The additional information returned for VCF files contains the following information.

- gzipped - Logical value indicating if the file has been compressed using gzip
- headerlines - Integer value indicating the number of lines in the header
- headersize - Numeric value indicating the size of the header in bytes
- quality - Character vector containing the values in QUALITY column
- filter - Character vector containing the values in the FILTER column
- info - Character vector containing the values in the INFO column
- format - Character vector containing the values in the FORMAT column
- datacolumns - Data frame summarizing the entries in the FORMAT value containing the following information
  + numcolumns - Integer value indicating the number of values in the FORMAT value
  + dosage - Integer value indicating the column containing the dosage value
  + genotypeprob - Integer value indicating the column containing the genotype probabilities
  + genotype - Integer value indicating the column containing the genotype call

This list has its class value set to "vcf-info".
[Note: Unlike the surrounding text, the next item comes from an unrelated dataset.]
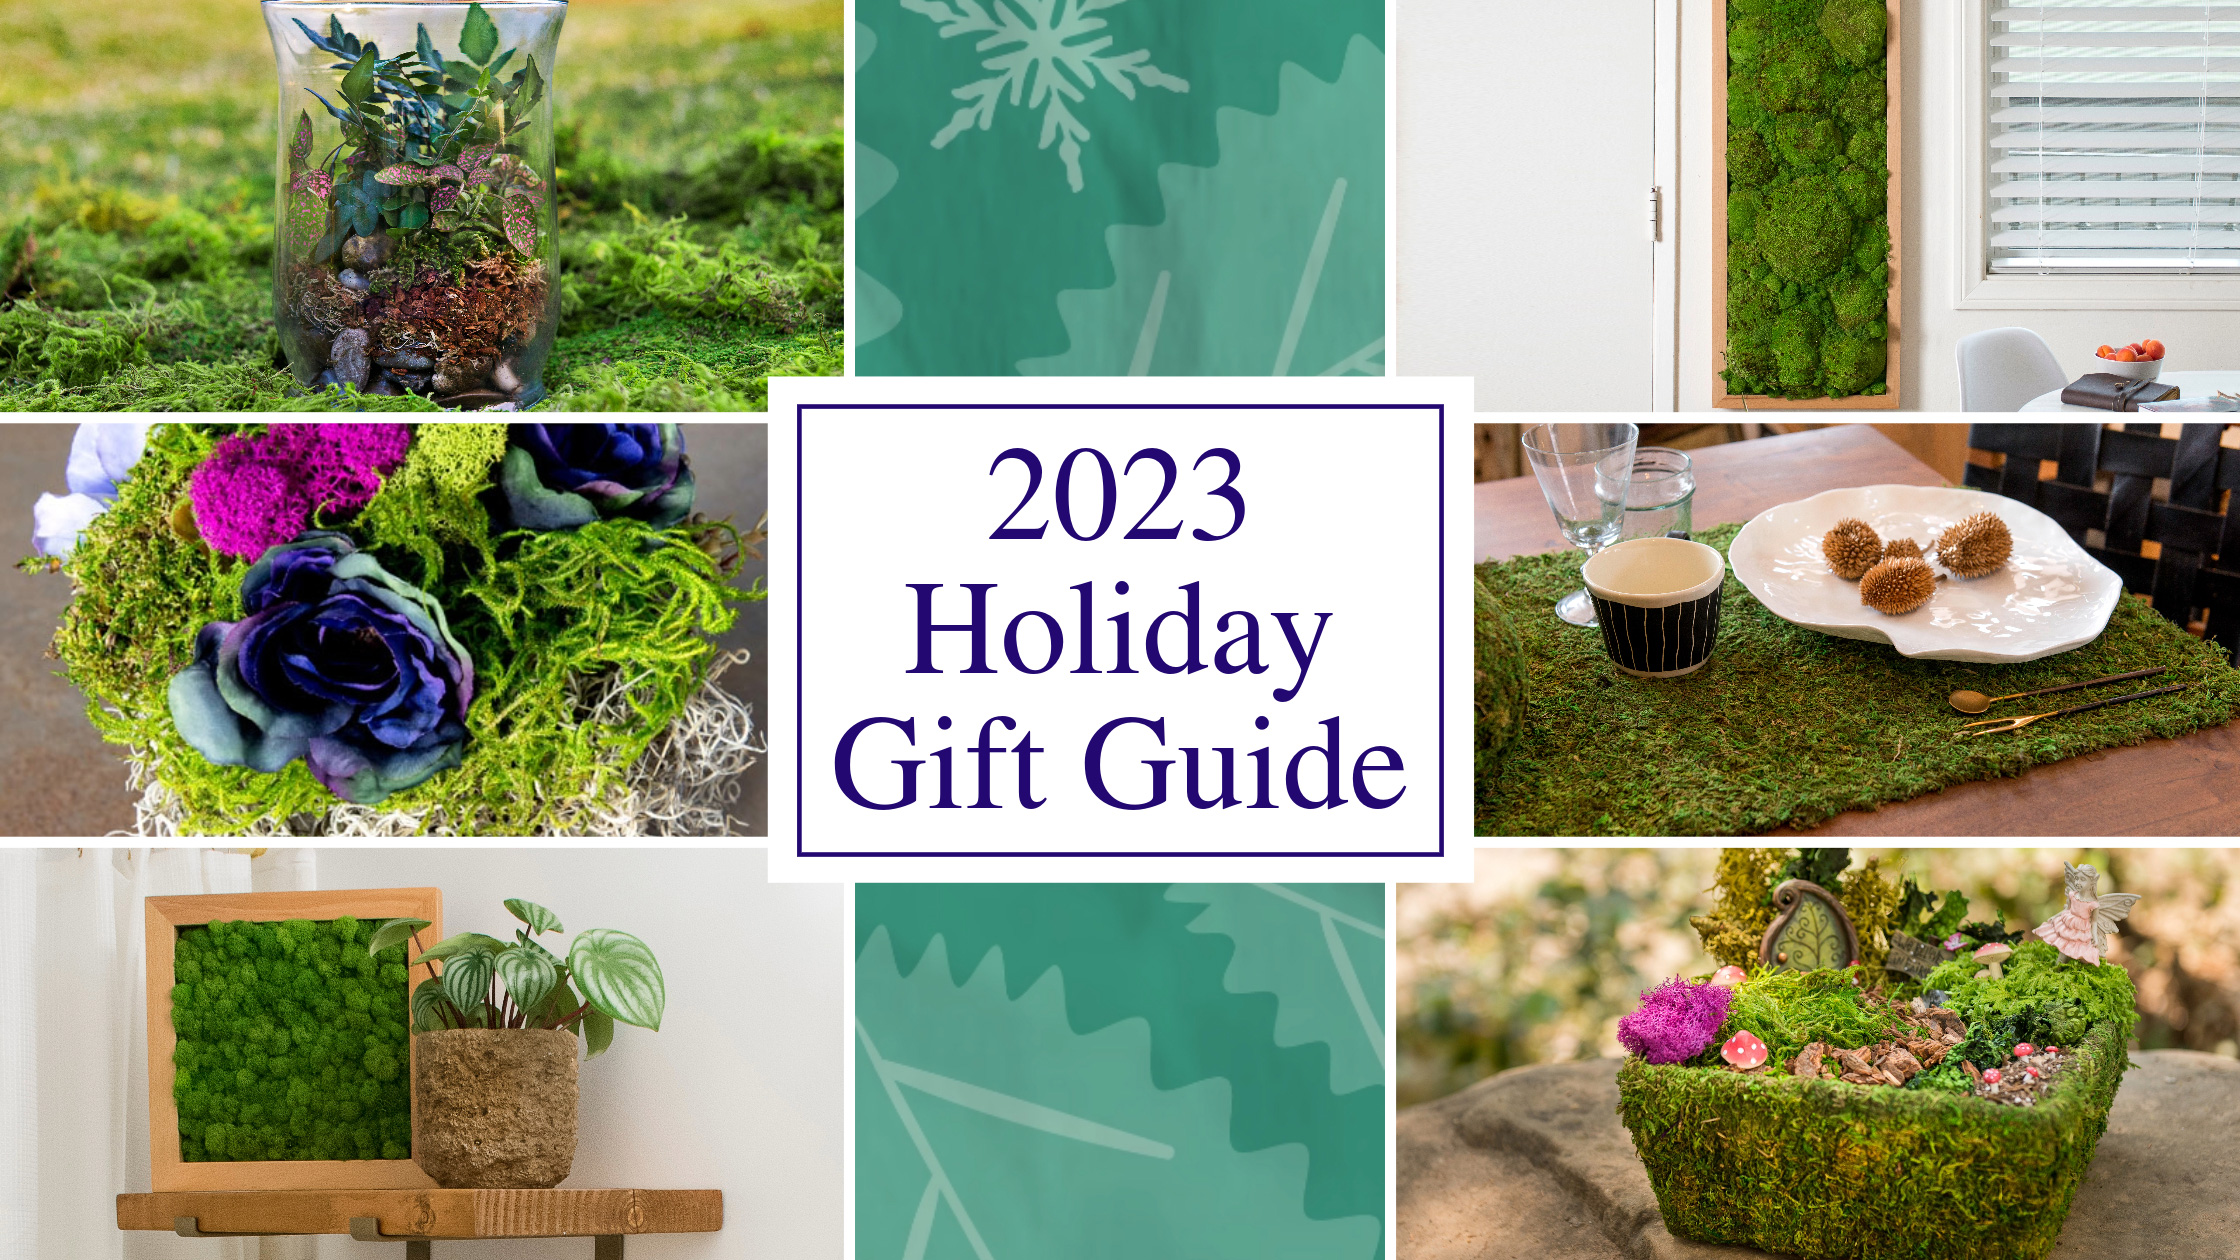 SuperMoss 2023 Holiday Gift Guide

The values for quality, filter, info, and format can have a length of 0 if all the values are missing. They will have a length of 1 if all the values are equal. The number of rows in the datacolumns data frame will be equal to the length of the format value.

## GEN File Additional Information

The additional information returned for GEN files contains the following information.

- gzipped - Logical value indicating if the GEN file is compressed using gz
- headersize - Integer value indicating the size of the header in bytes
- format - Integer value indicating the number of genotype probabilities for each subject with the following meanings
  + 1 - Dosage only
  + 2 - $\Pr(g=0)$ and $\Pr(g=1)$
  + 3 - $\Pr(g=0)$, $\Pr(g=1)$, and $\Pr(g=2)$
- startcolumn - Integer value indicating in which column the genetic data starts
- sep - Character value indicating what value separates the columns

$g$ indicates the number of alternate alleles the subject has.

This list has its class value set to "gen-info".